START DATA SEGMENT

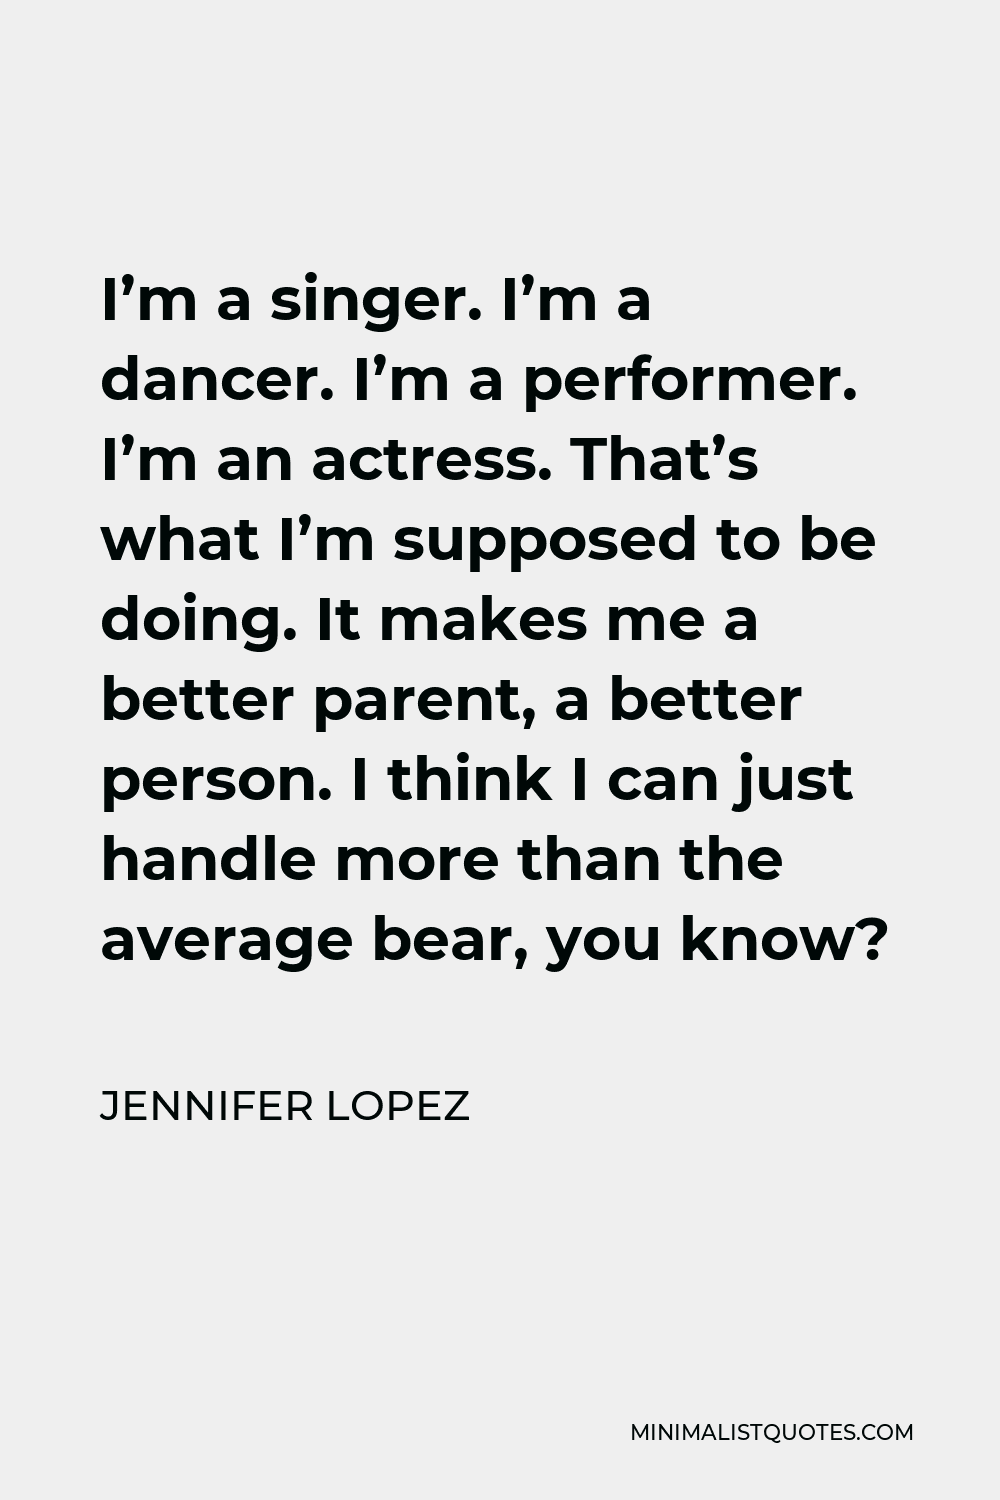 Jennifer Lopez Quote - I’m a singer. I’m a dancer. I’m a performer. I’m an actress. That’s what I’m supposed to be doing. It makes me a better parent, a better person. I think I can just handle more than the average bear, you know?
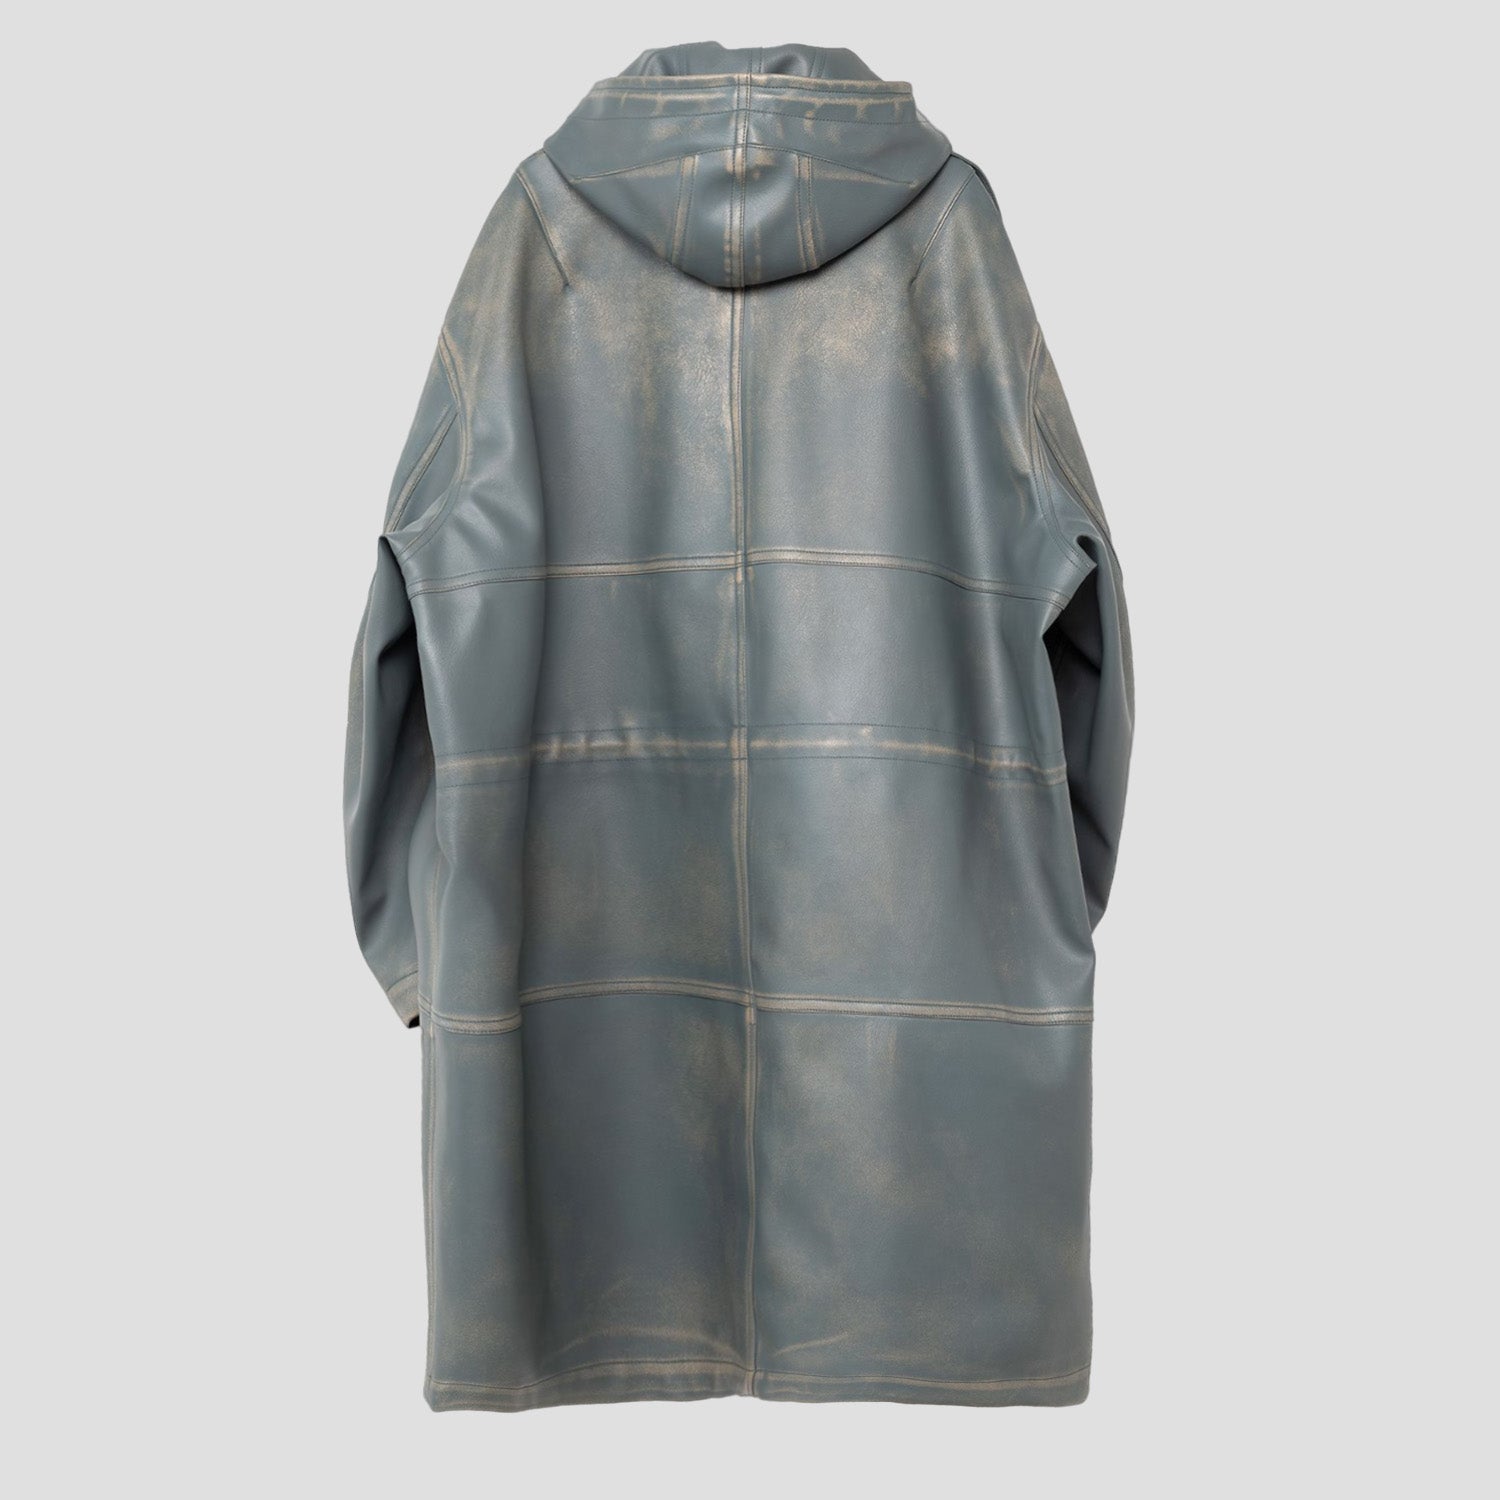 SYNTHETIC LEATHER HOODED COAT
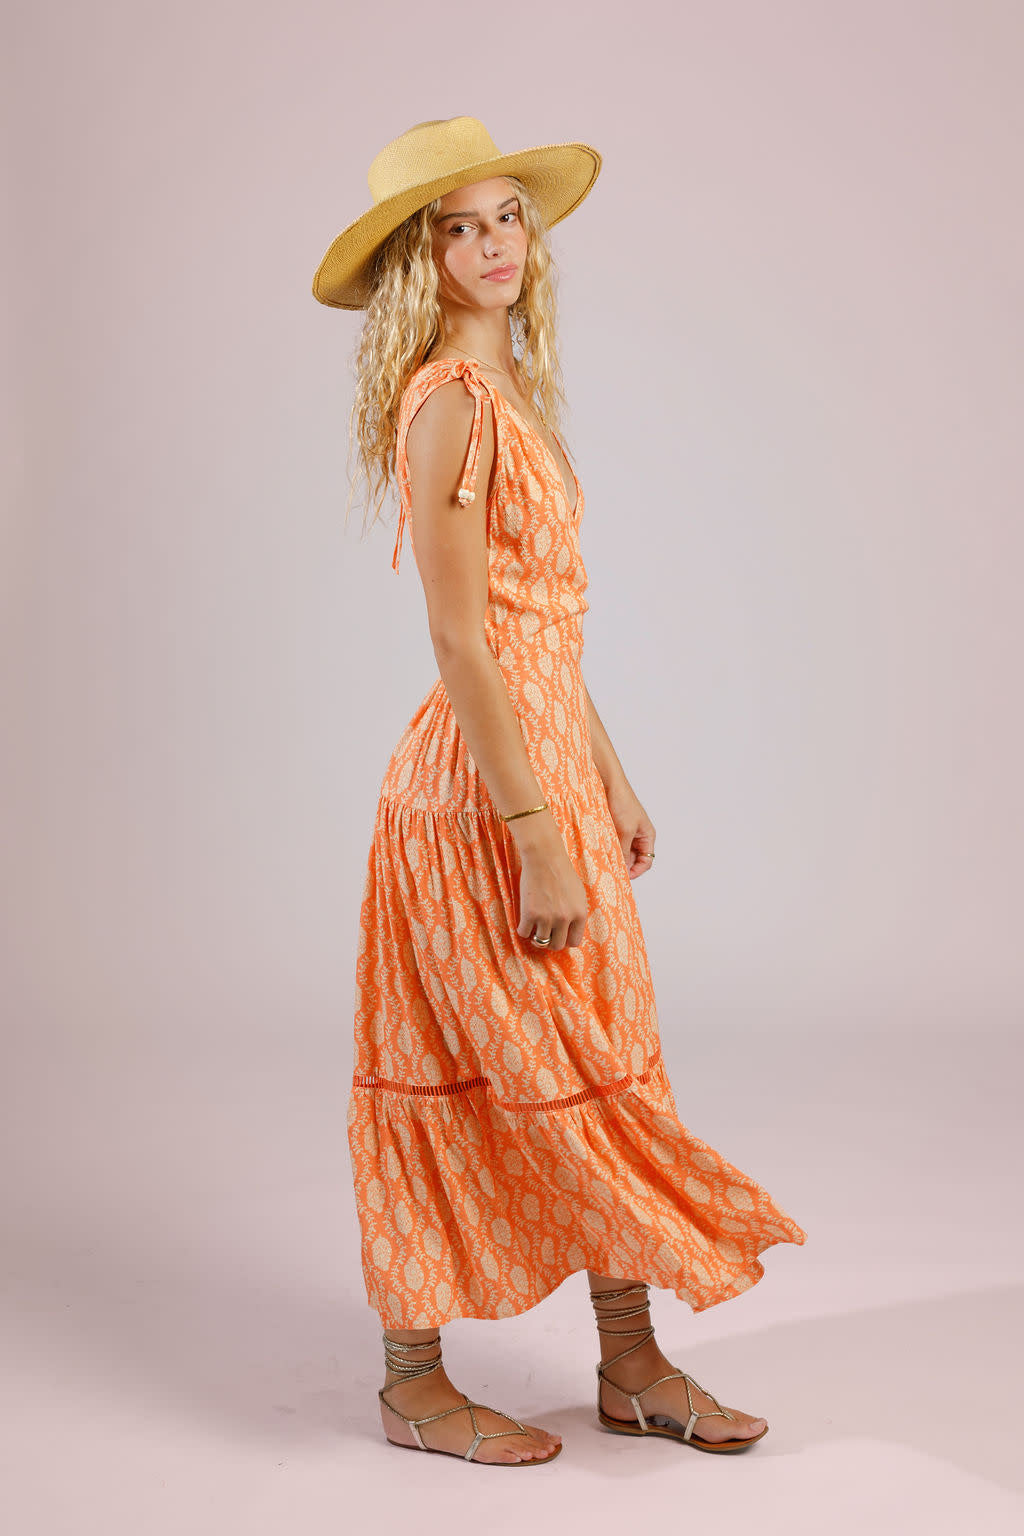 Band of the Free Loja Dress in Apricot

END DATA SEGMENT

WORK TO COMPLETE: Once the pictures are removed, print all the remaining data exactly as it stands.

RESULT:
 Jennifer Lopez Quote - I’m a singer. I’m a dancer. I’m a performer. I’m an actress. That’s what I’m supposed to be doing. It makes me a better parent, a better person. I think I can just handle more than the average bear, you know?
 SYNTHETIC LEATHER HOODED COAT
 Band of the Free Loja Dress in Apricot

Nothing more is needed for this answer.